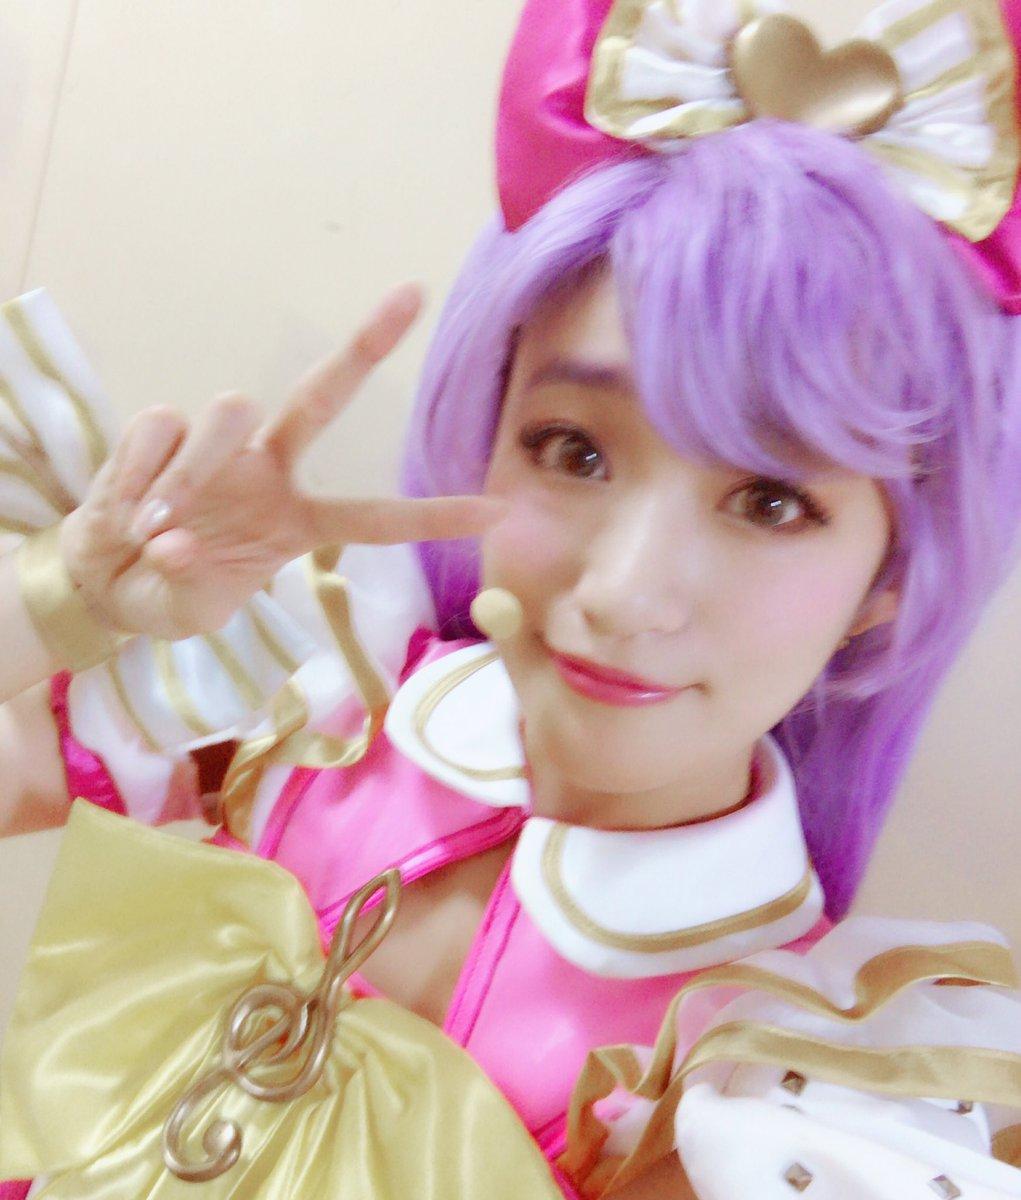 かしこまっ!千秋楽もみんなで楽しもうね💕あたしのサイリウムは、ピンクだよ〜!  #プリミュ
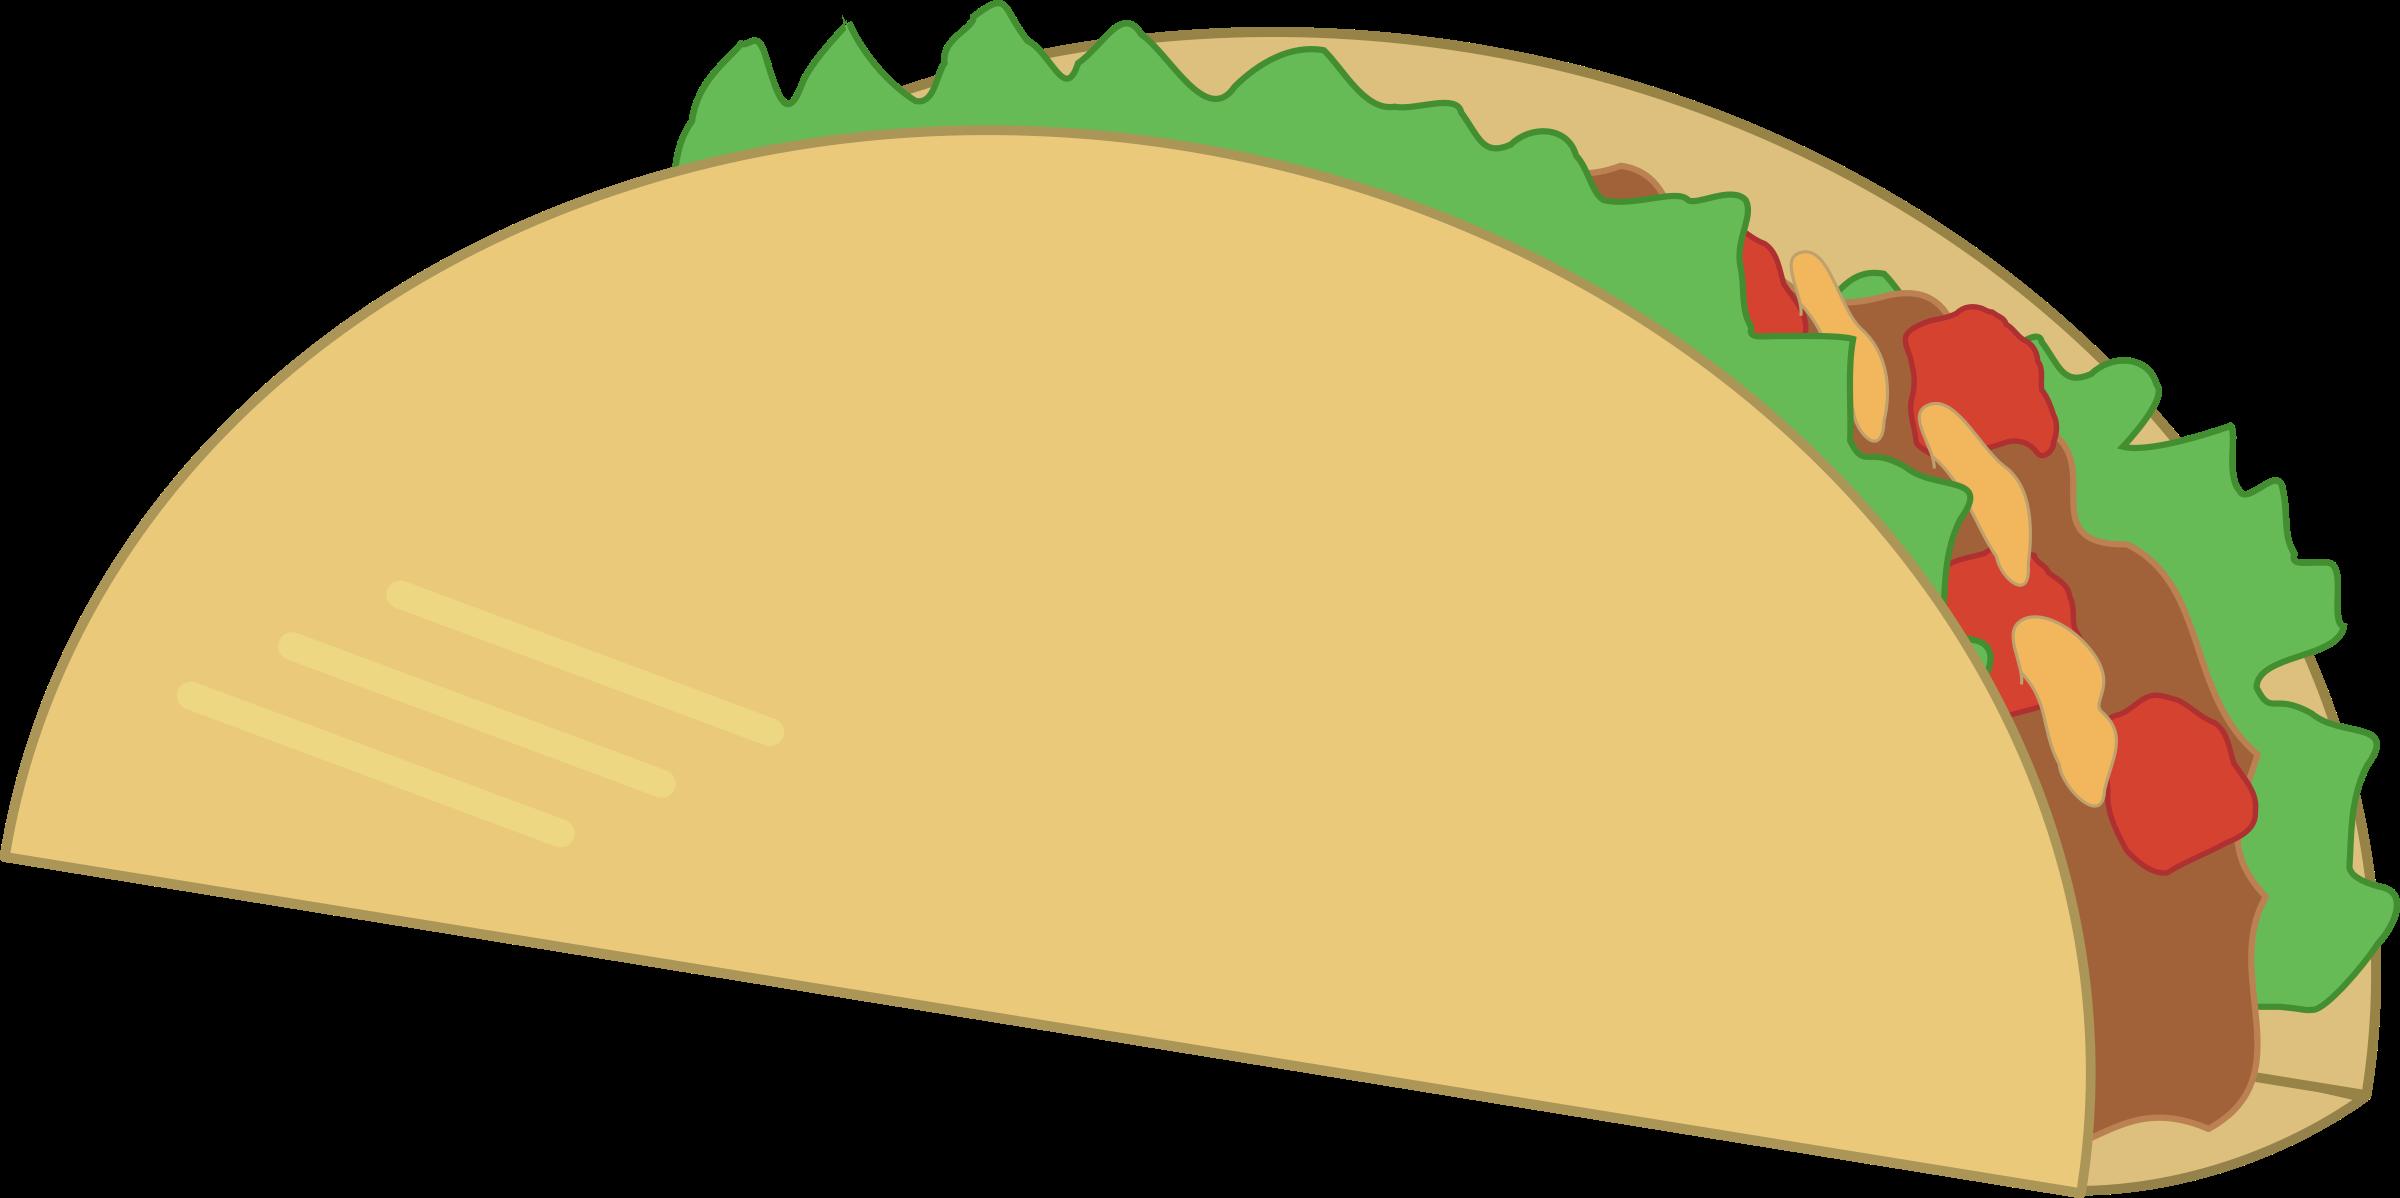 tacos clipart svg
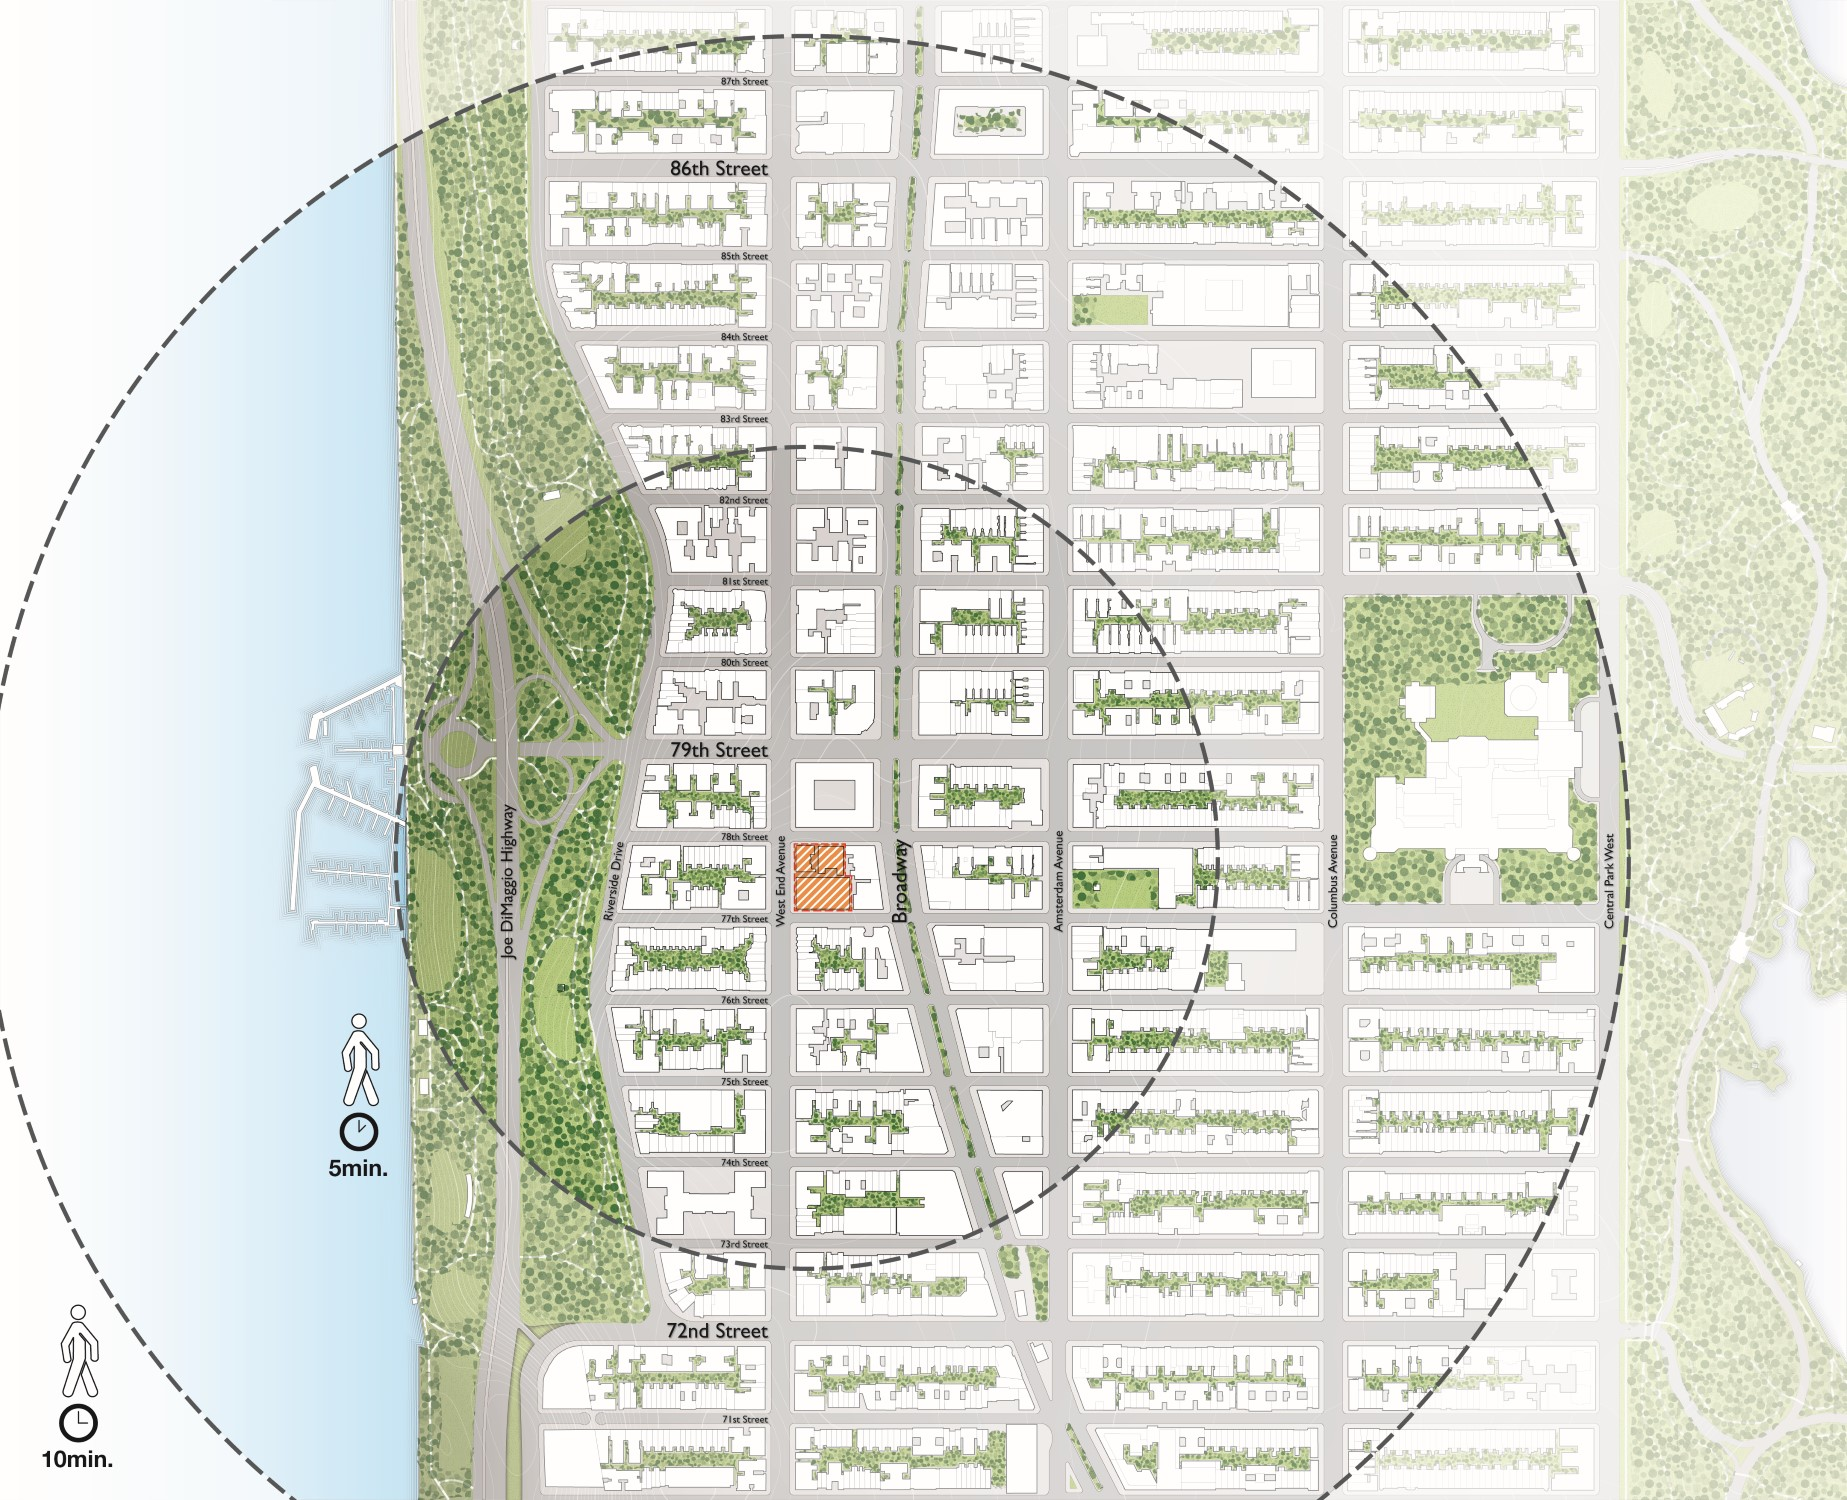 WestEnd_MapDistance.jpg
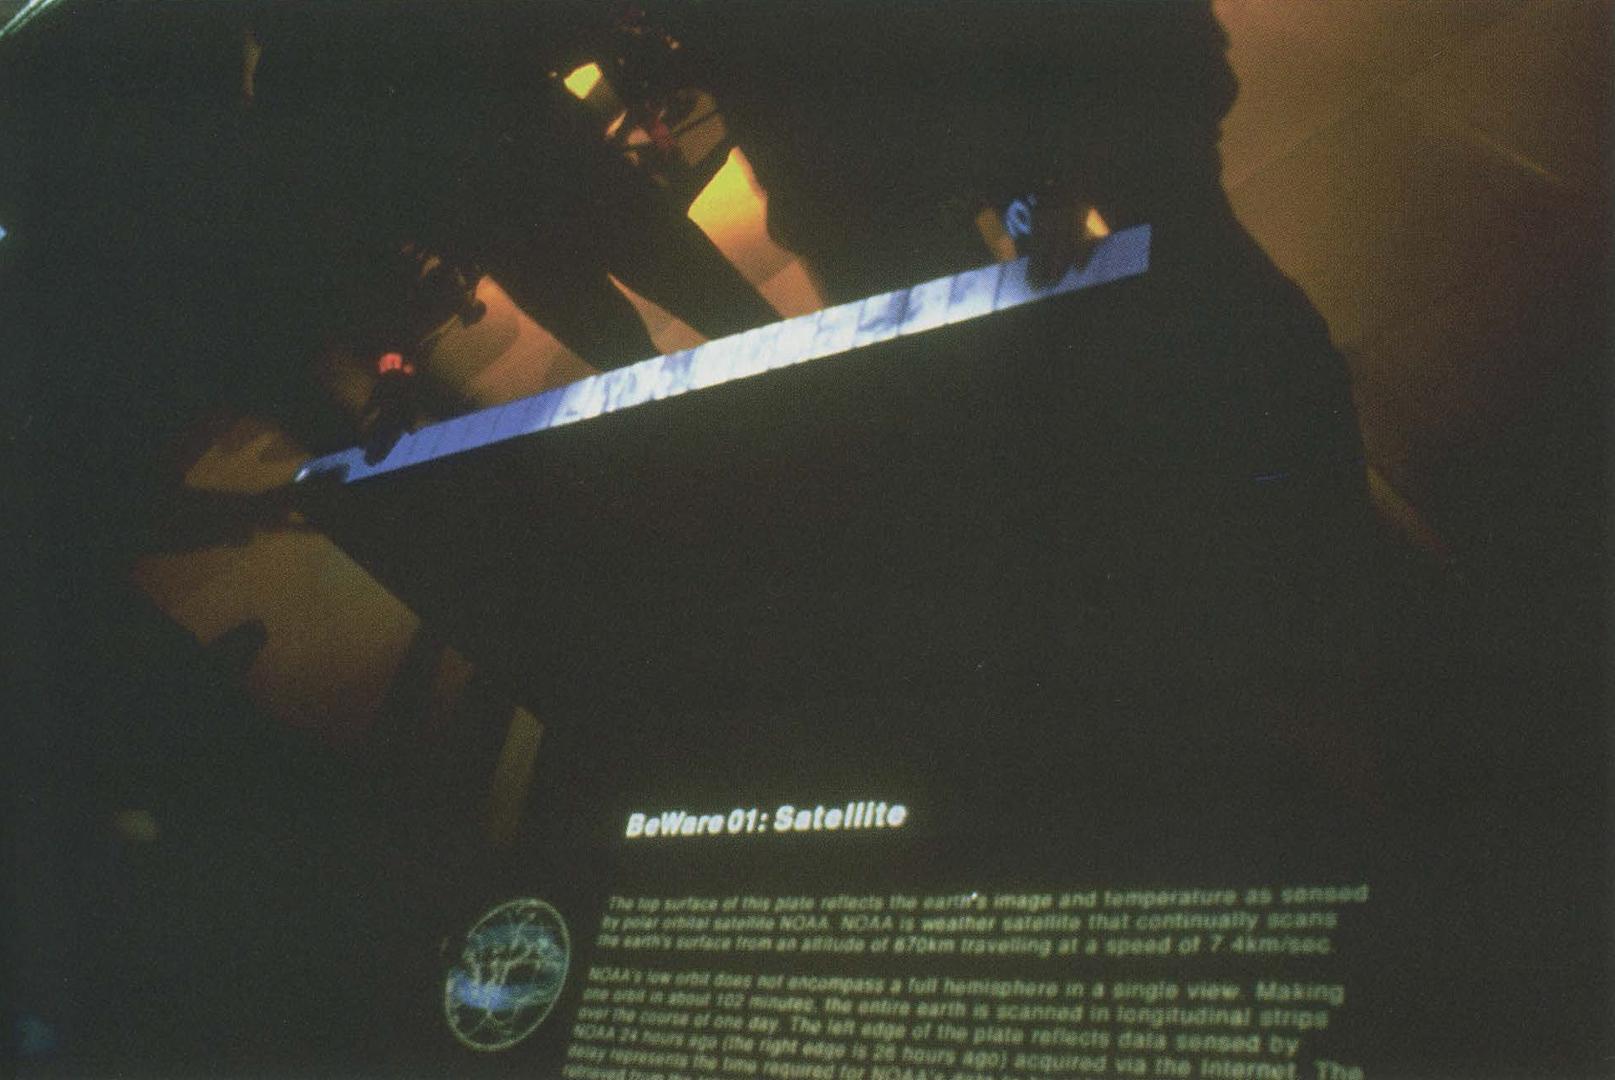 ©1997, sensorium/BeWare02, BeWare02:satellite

_Assignment_. What you give back must be the data above, reproduced exactly and free of pictures.

_Answer to the exercise_.
 かしこまっ!千秋楽もみんなで楽しもうね💕あたしのサイリウムは、ピンクだよ〜!  #プリミュ
 tacos clipart svg
 WestEnd_MapDistance.jpg
 ©1997, sensorium/BeWare02, BeWare02:satellite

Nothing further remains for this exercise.